En 1933, lors des grèves et tandis qu'André Citroën souhaite diminuer les salaires de ses employés, Jacques Prévert écrit Citroën, texte qui sera lu à la foule des grévistes par le Groupe Octobre.
Les relations entre les deux groupes se distendent par la suite et, en 1934, la banque ne peut empêcher la faillite de l'industriel. Les deux familles restent cependant liées, avec le mariage du fils d'André Citroën et de la dernière fille de David David-Weill.
Le lancement révolutionnaire mais très coûteux de la Traction Avant, première voiture à carrosserie monocoque, qui surclassera toutes ses rivales pendant 15 ans à partir de 1934, ne sauve pas la marque de la faillite.
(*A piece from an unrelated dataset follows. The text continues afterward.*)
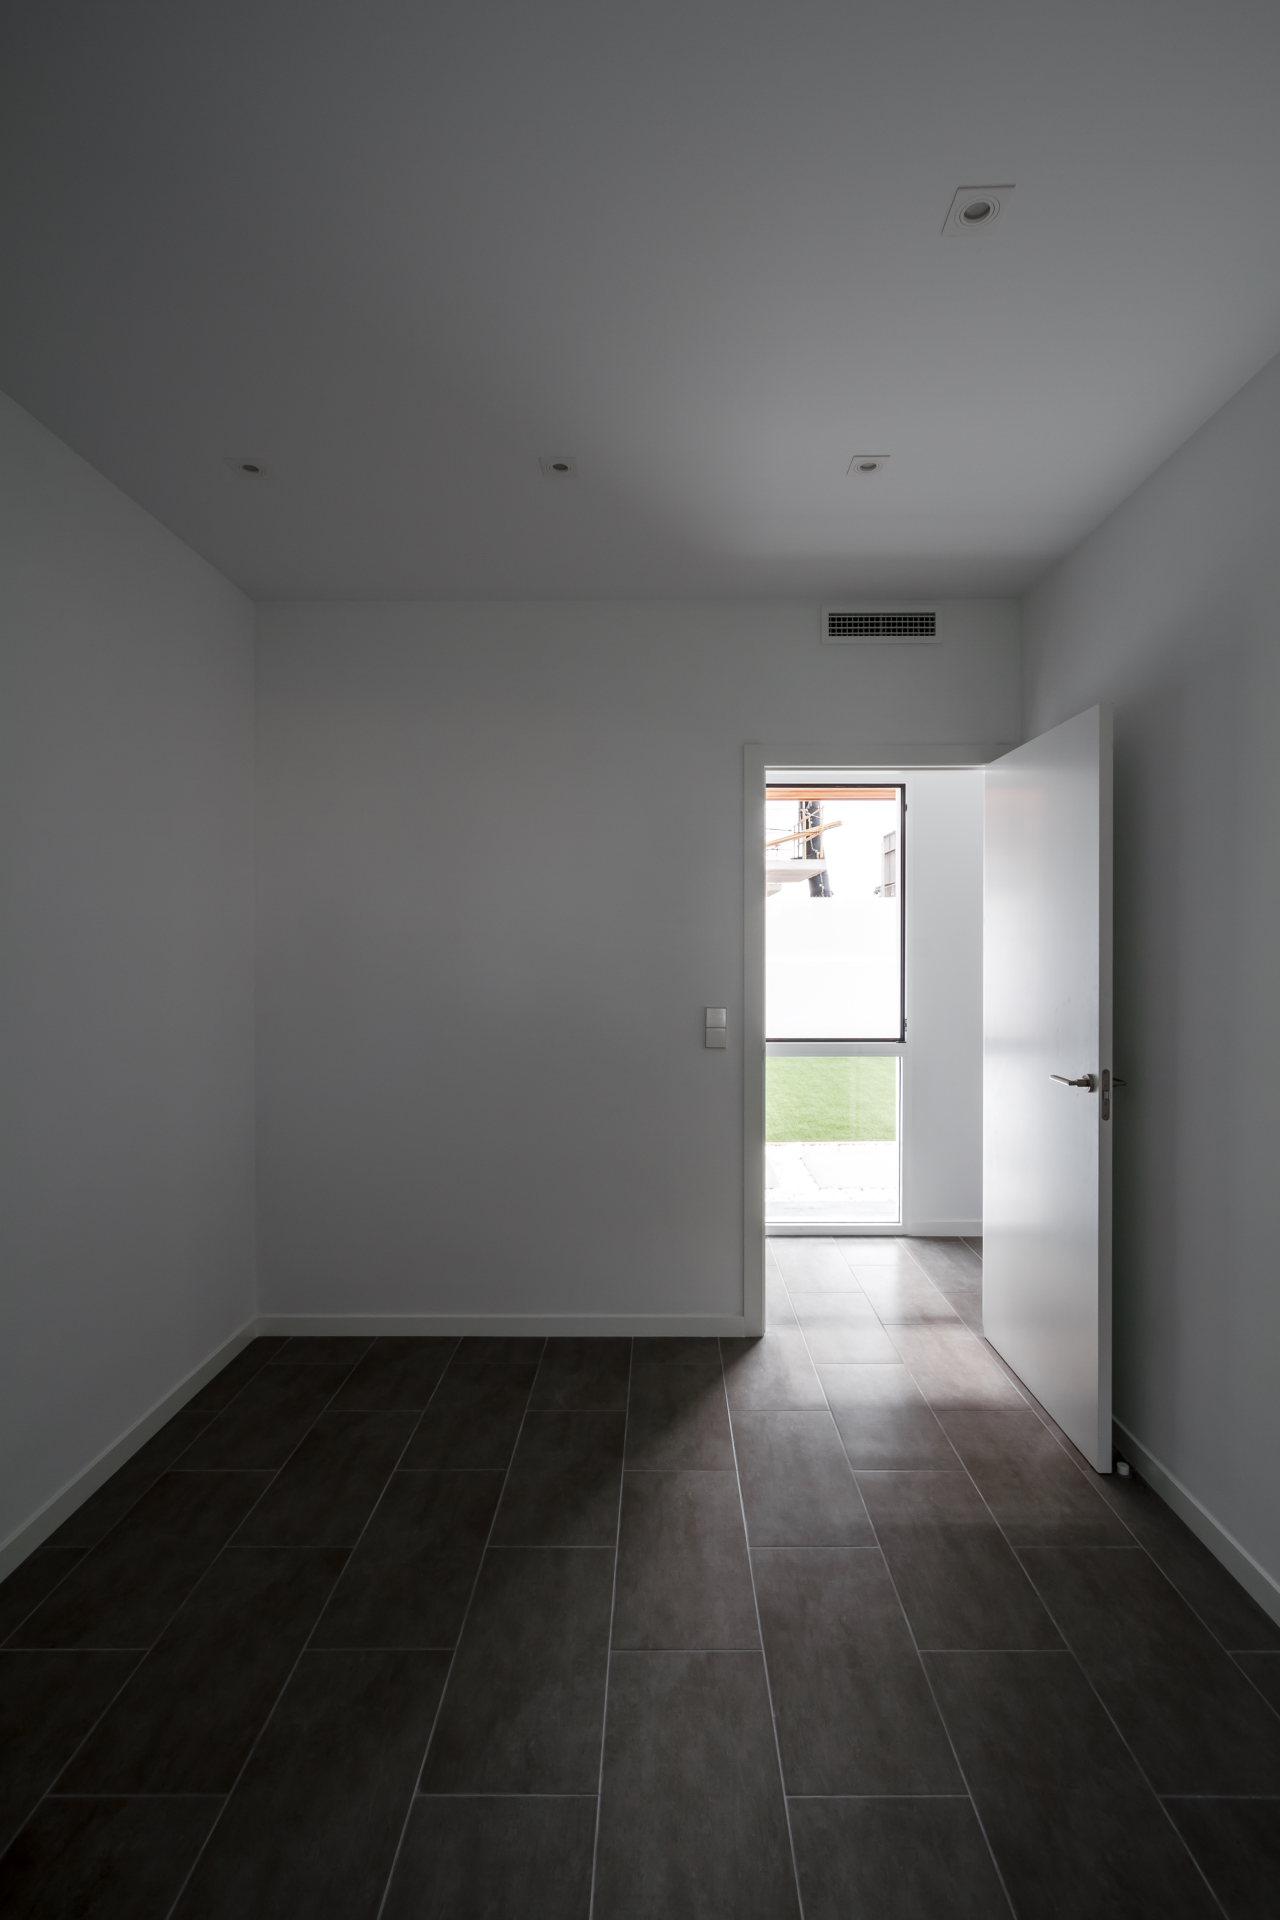 fotografia-arquitectura-valencia-german-cabo-viraje-museros (13)

Fin 1934, les banques, dont la banque Lazard et créditeurs perdent confiance en Citroën et décident de ne plus suivre son surendettement chronique et ses importantes pertes financières, et de confier la gestion à son principal débiteur Pierre Michelin, du groupe Michelin second fils d’Édouard Michelin, cofondateur du groupe Michelin, un des principaux créanciers de Citroën avec la mission très difficile de lui éviter la faillite.
En revanche, dans son livre La Conjuration de Javel publié en 1996, Bernard Citroën démontre que la dette était moins sévère qu'on ne l'avait dit et que la marque, en réalité, aurait pu échapper à la faillite.